Additionally, a few studies have shown that protein restriction is associated with a longer lifespan^(144,145) . Critically, most studies examining the relationship between protein restriction and lifespan used rodent⁽¹⁴⁴⁾ or drosophila^(145,146) models. In a study that examined this relationship in human subjects, results were largely inconsistent depending on age; specifically, high-protein ingestion reduced mortality in those over age 65 years during an 18-year follow-up period, but increased overall mortality in those aged 50–65 years, although plant-based protein ingestion attenuated this increased mortality⁽¹⁴⁷⁾.

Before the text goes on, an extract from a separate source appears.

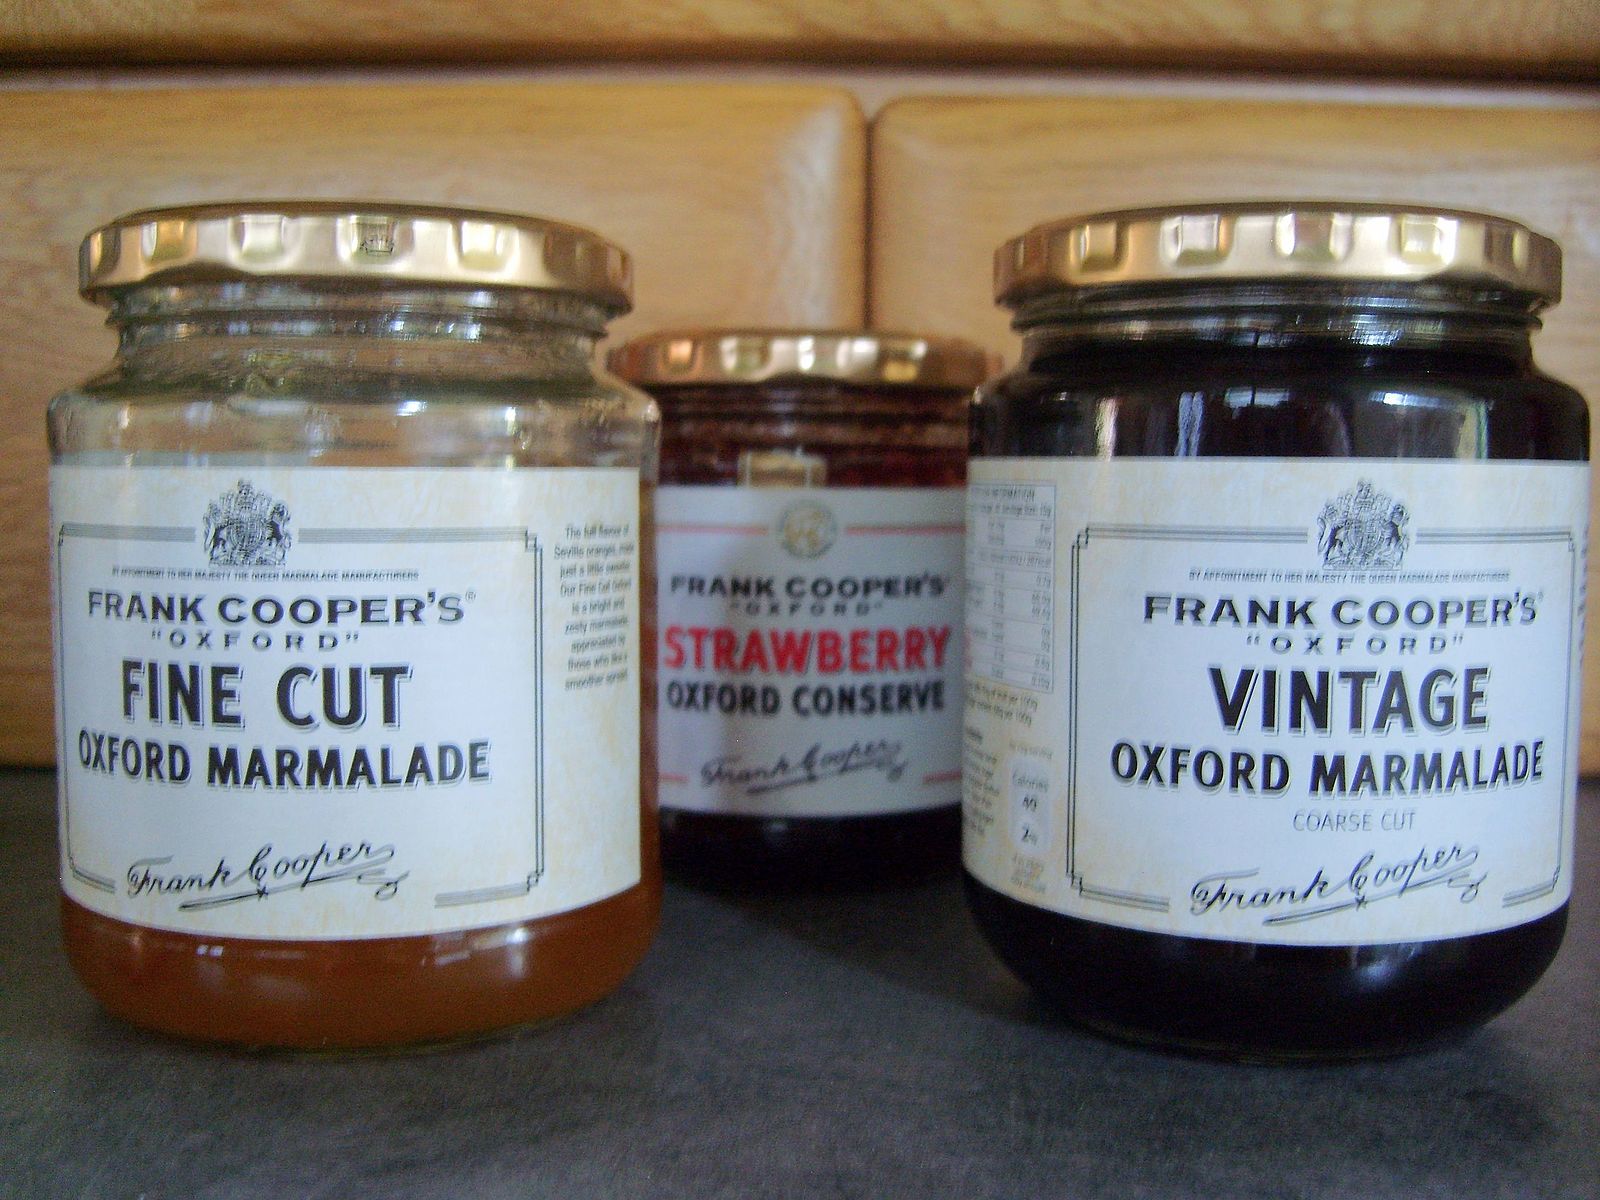 Frank Cooper’s Original Oxford Marmalade: A Culinary Journey Through Time

Based on available evidence, we recommend that older adults: (1) prioritise high-quality, nutrient-dense sources of protein (e.g. eggs, milk, beef, fish, diverse plant sources or leucine-enriched supplements); (2) Consume more protein spread throughout the day; specifically, increase the frequency of meals containing at least 0⋅4 g/kg of protein; (3) Engage in regular weight-bearing RE to amplify to the response to protein-containing meals.

Conclusion

Sarcopoenia is a disease that significantly impairs healthy ageing. Older adults should prioritise high-quality, nutrient-dense sources of dietary protein to facilitate maintenance of skeletal muscle and overall health. Animal-based protein sources, such as beef, dairy and eggs, are clearly beneficial for older adults. Consuming plant-based protein, though appealing, requires additional dietary planning to ensure adequate nutrition; moreover, a paucity of strong evidence prevents advocation for diets based exclusively on plant-based proteins. Furthermore, the current RDA continues to appear to be inadequate for older adults. Ageing adults can expect to experience several metabolic and functional benefits from consuming protein above the current RDA; specifically, older adults should aim to consume more protein each day (about 1⋅6 g/kg/d) and at each eating occasion (0⋅4 g/kg/meal), particularly at breakfast- and lunch-time meals. Provided the existing and emerging research demonstrating the benefits of improved protein nutrition, older adults may soon be taking a page out of Dickens' Oliver Twist and when it comes to high-quality NDP asking if they can have more?